Currently, upon start of the aggregation phase an array of values is composed with every primitive value returned from every source during the retrieval phase, over which the following math is applied (assuming that all elements within the aggregation array are operable with each other):

zero, one or multiple filtering functions can be sequentially applied to the aggregation array: every filter is applied over all elements of input array, and may progressively reduce the dimension of the resulting array;
one single reducing operator must be applied, always converting the input array into one single (scalar) value.

In practice, the RADAggregate struct is currently defined at the protobuf level as:

  message RADAggregate {
      repeated RADFilter filters = 1;
      uint32 reducer = 2;
  }
  message RADFilter {
      uint32 op = 1;
      bytes args = 2;
  }

All this said, here comes a possible proposal for enriching the aggregation scripting mechanism:

Changes at the protobuf level:

message RADRequest {
// ...
message RADRetrieve {
  RADType kind = 1;
  string url = 2;
  bytes script = 3;
  bytes body = 4; 
  repeated StringPair headers = 5;
  uint16 result_min_rank = 6; 
  uint16 result_max_rank = 7;
}
message RADAggregate {
  repeated RADFilter filters = 1;
  uint32 reducer = 2;
  optional bytes script = 3;
}
message RADFilter {
  uint32 op = 1;
  bytes args = 2; 
}
uint64 time_lock = 1;
repeated RADRetrieve retrieve = 2;
RADAggregate aggregate = 3;
RADTally tally = 4;
uint16 result_max_size = 5;
}

New aggregation workflow:
1. At the end of retrieval phase, check type compatibility of values, allowing sources values to either be: a single string, a single byte buffer, a single numeric value, a single boolean, or an array of any combination of any aforementioned primitive values (all but nested arrays or maps).
2. For variable size elements within the aggregation array, check whether there's any (new, but optional) min/max result rank parameters specified within the corresponding RADRetrieve struct, eventually cutting the string, buffer or array if oversized, or making the DR revert on aggregation level if undersized.
3. Compose the so-called aggregation array, being either: an array of strings, an array of buffers, an array of booleans, an array of numbers, or an array of array of primitives.
4. If no optional script is set within RADAggregator, just follow the same workflow as now.

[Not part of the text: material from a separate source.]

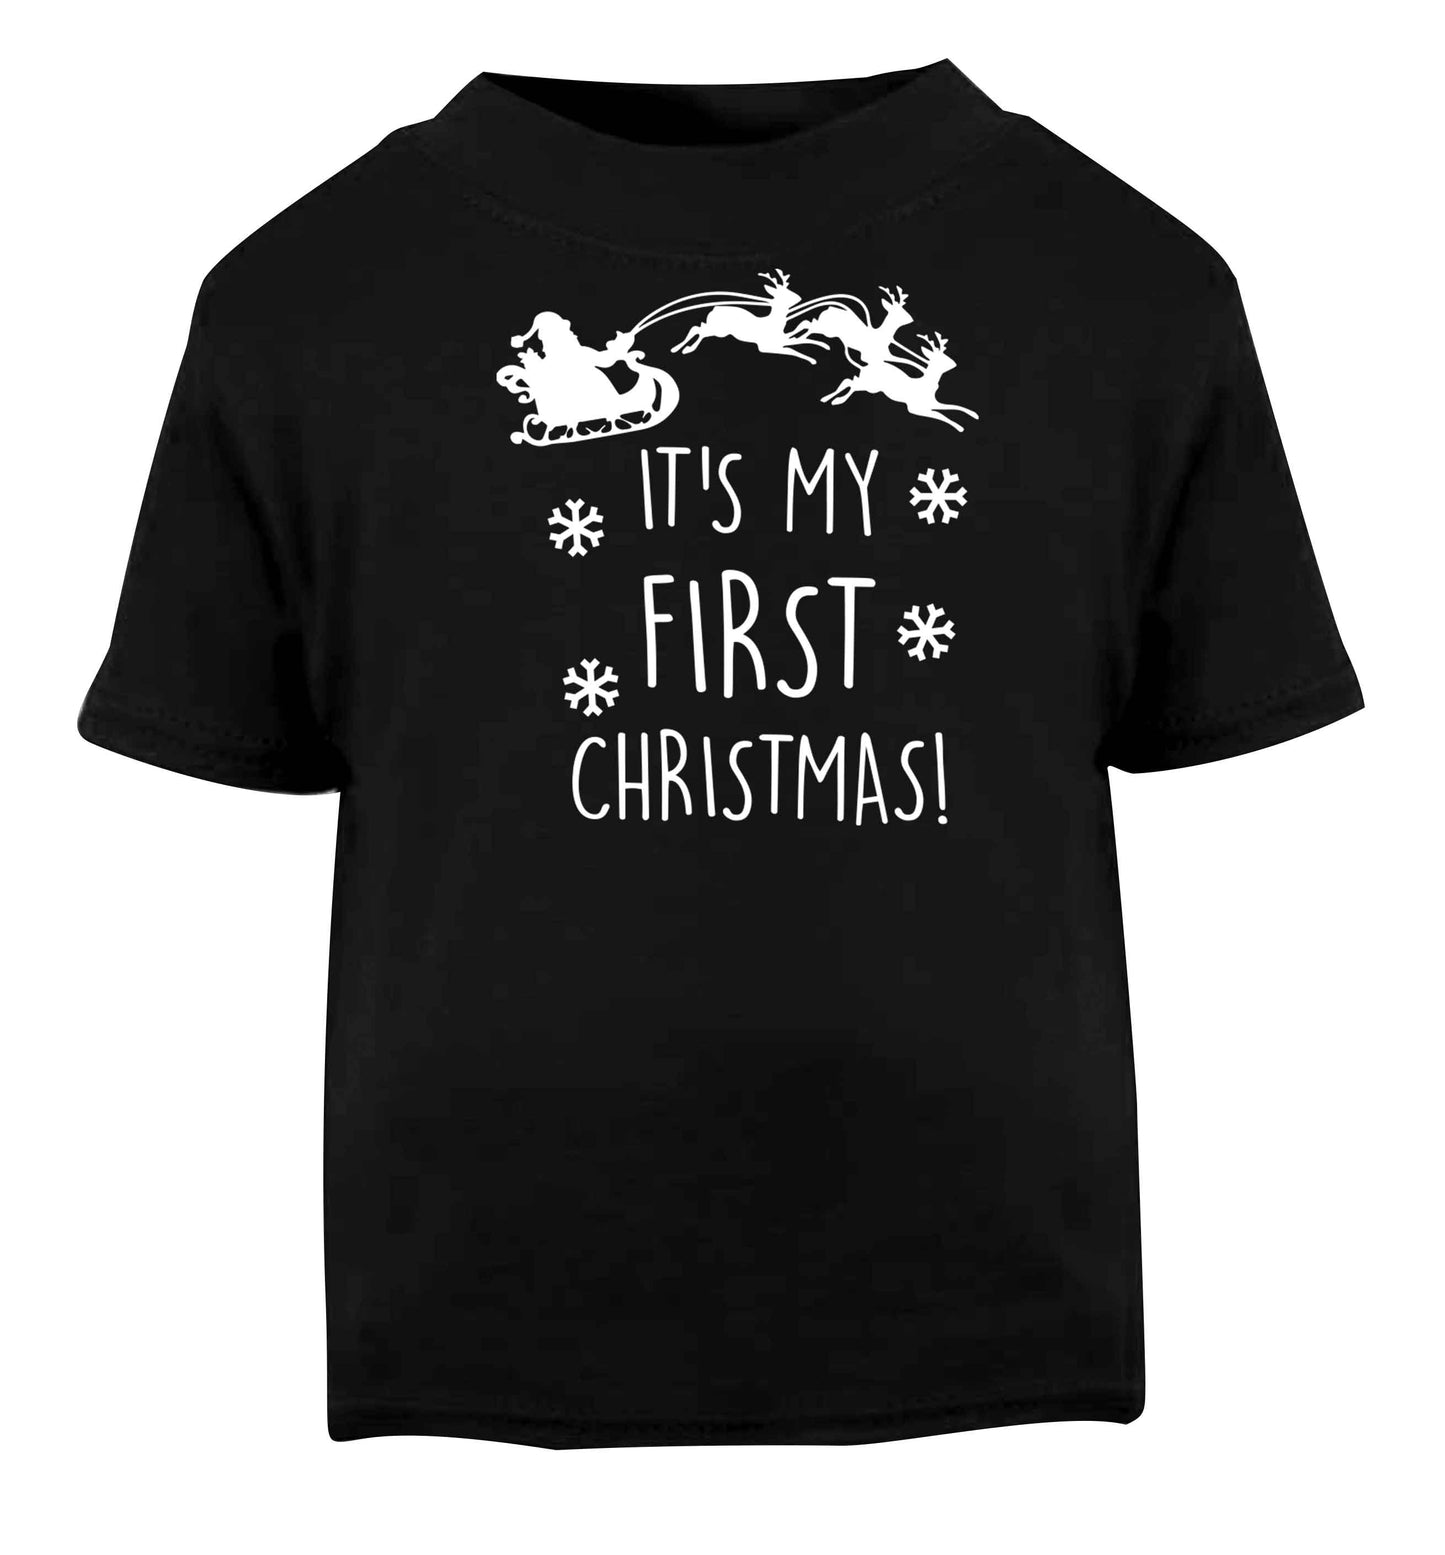 It's my first Christmas - Santa sleigh text Black baby toddler Tshirt 2 years
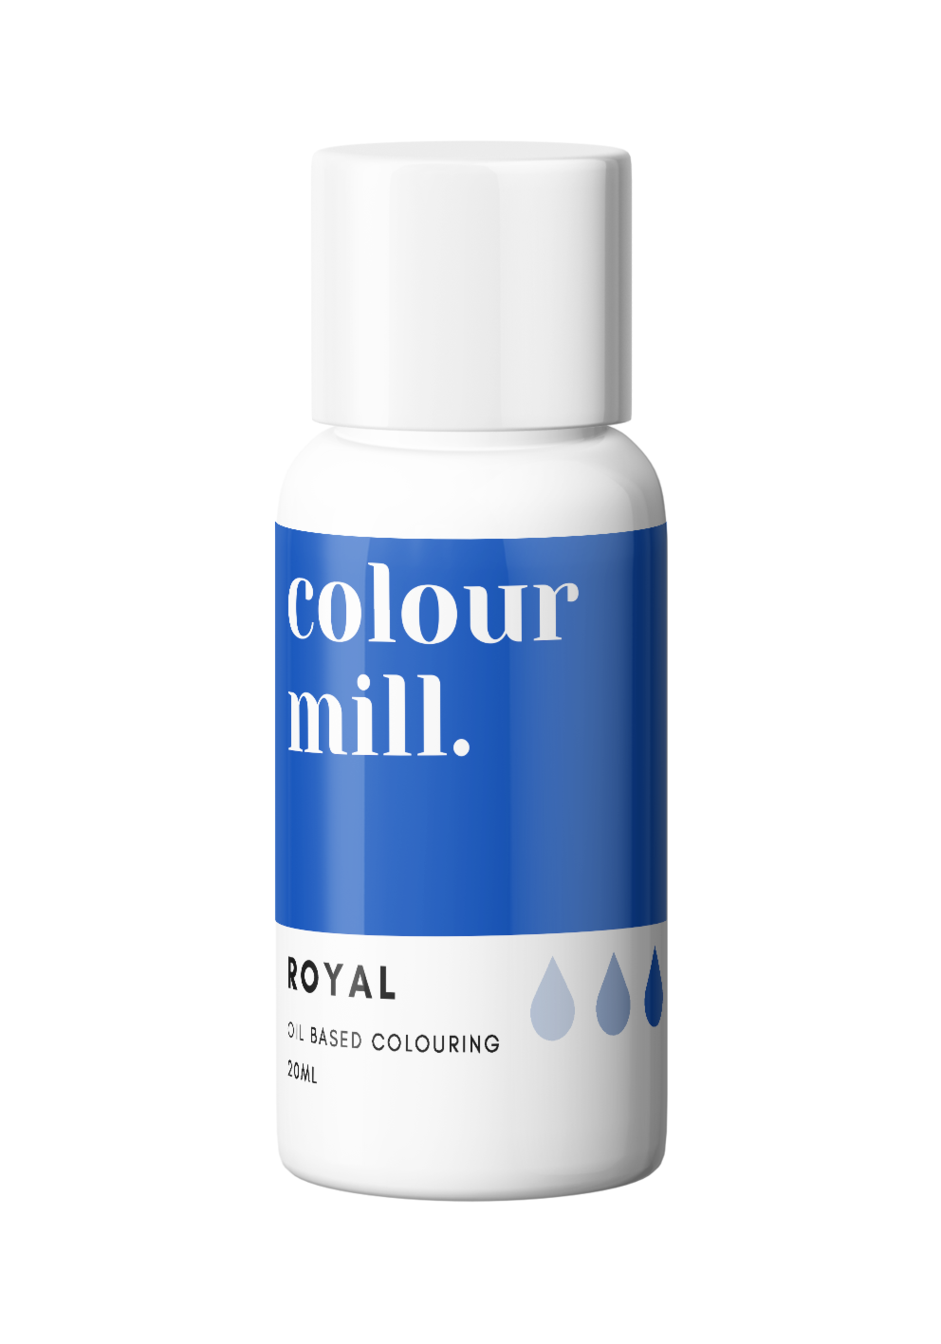 Royal Blue, 20ml, Colour Mill Oil Based Colouring

Currently supported filters should be adapted to work, or fail, depending on the nature of the input aggregation array being processed. Moreover, a new set of "weigthed" reducers could well be added as to support # 3 use cases (e.g. "AverageMeanWeighted", requiring each aggregation array element to be a vector of two numbers).
5. Should a script be set within the RADAggregator part of a DR, both filters and reducer fields should be ignored, and the aggregation array be converted into a "stack" of values that will feed the newly proposed aggregation scripting sub-phase.
6. The aggregation script would basically implement a simple stack-based calculator, in which every operator could either "use" or "pop" a selection of values from the stack, and eventually "replace" or "push" new values into the aggregation stack.
7. A Radon aggregation script would be serialized as an array of reducing operations, each one containing either one single opcode or an opcode and an array of arguments. As exempli gratia, the following (not complete) list of aggregation scripting operators is foreseen:
  - SWAP(i) | 0<i<S => swap stack top w/ i'th element; fails if i is greater than size stack minus 1;
  - PIVOT(i) | 0<=i<S => consider i'th element on the stack to be an array (fails otherwise), remove the i'th element from the stack, and then push every single element to the stack.
  - APPEND(i) | 0<i<S => pop first i+1 elements from the stack, and push them to the stack as an array of elements; fails if any of the popped elements is an array of arrays.
  - SUM(i) | 0<i<S => pop first i + 1 elements from the stack, add them together, and then push result into the stack; fails if popped values are not summable among each other.
  - CSUM(v) => pop stack top, add the provided value, and then push the result back into the stack; fails if v type is not "summable" to the popped valued.
  - MUL(i) | 0<i<S=> ...
  - CMUL(v) => ...
  - CPOWER(v) => ...
  - DIV => pop first two values from the stack, use first as denominator and second as divisor, push result into the stack; fails if values are not divisible.
  - CDIV(v) => pop top value as denominator and use v as divisor, push result into the stack; fails if values are not divisible.
  - MOD => ..
  - CMOD(v) => ..
  - REDUCE(i, opcode[, filter, [v]]) | 0<=i<S => compose array from first i+1 elements popped from the stack, apply array filter if any (and optionally parameterized with v), and then push the result of applying specified reducer opcode over input (filtered) array back to the stack.
8. As a practical way to limit complexity, the aggregation stack would be limited to 256 elements. Thus, a DR could eventually throw an "aggregation stack overflow" exception at the aggregation phase.
9. The resulting value at the end of the aggregation/scripting phase would correspond with the final stack state:
  - if the stack ends up empty, of containing more than one singe value, the DR would revert (errored at the aggregation phase);
  - otherwise, the top of the stack will then correspond to the DR result, being either: a string, a buffer, a boolean, a number or an array of primitives.
10. If a (new, but optional) result_max_size is defined within the RADRequest struct, and the size of the CBOR buffer containing the serailization of the aggregation result is greater than result_max_size, the DR would throw an "aggregation result oversized" exception at the aggregation phase.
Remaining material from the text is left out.